Very low QPS with high per-token cost: At very low request rates, the active batch is usually size 1 anyway. Continuous batching degenerates to single-request serving and adds complexity without gain.
What the paper actually proved
The Orca paper's core proof is empirical but decisive: under realistic serving workloads with variable output lengths, iteration-level scheduling consistently outperforms static batching by an order of magnitude. The argument isn't complex — it's a direct consequence of arithmetic. Static batching wastes all the GPU cycles for short requests while they wait for long ones. Continuous batching recovers those cycles.

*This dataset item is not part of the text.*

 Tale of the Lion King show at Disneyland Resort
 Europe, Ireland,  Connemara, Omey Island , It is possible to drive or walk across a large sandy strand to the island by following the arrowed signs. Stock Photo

The implementation details — selective batching, the scheduler design, the KV cache management — are where the engineering lives. But the insight itself is almost embarrassingly simple in retrospect: don't wait for the batch to finish before scheduling the next request.
That simplicity is why it spread so fast. Within a year of the OSDI 2022 paper, every production LLM serving framework had either implemented it directly or rebuilt their scheduler around the same concept. Static batching is now the legacy approach, found mainly in systems that were designed before 2023 and haven't been updated.
If you're debugging throughput on an LLM serving deployment, the first question is: are you using continuous batching? The second question is: are you using it correctly (concurrency limits, chunked prefill, request routing by length class)? If the answer to both is yes and you're still throughput-limited, read the PagedAttention post — you're probably hitting KV cache memory fragmentation, not scheduling inefficiency.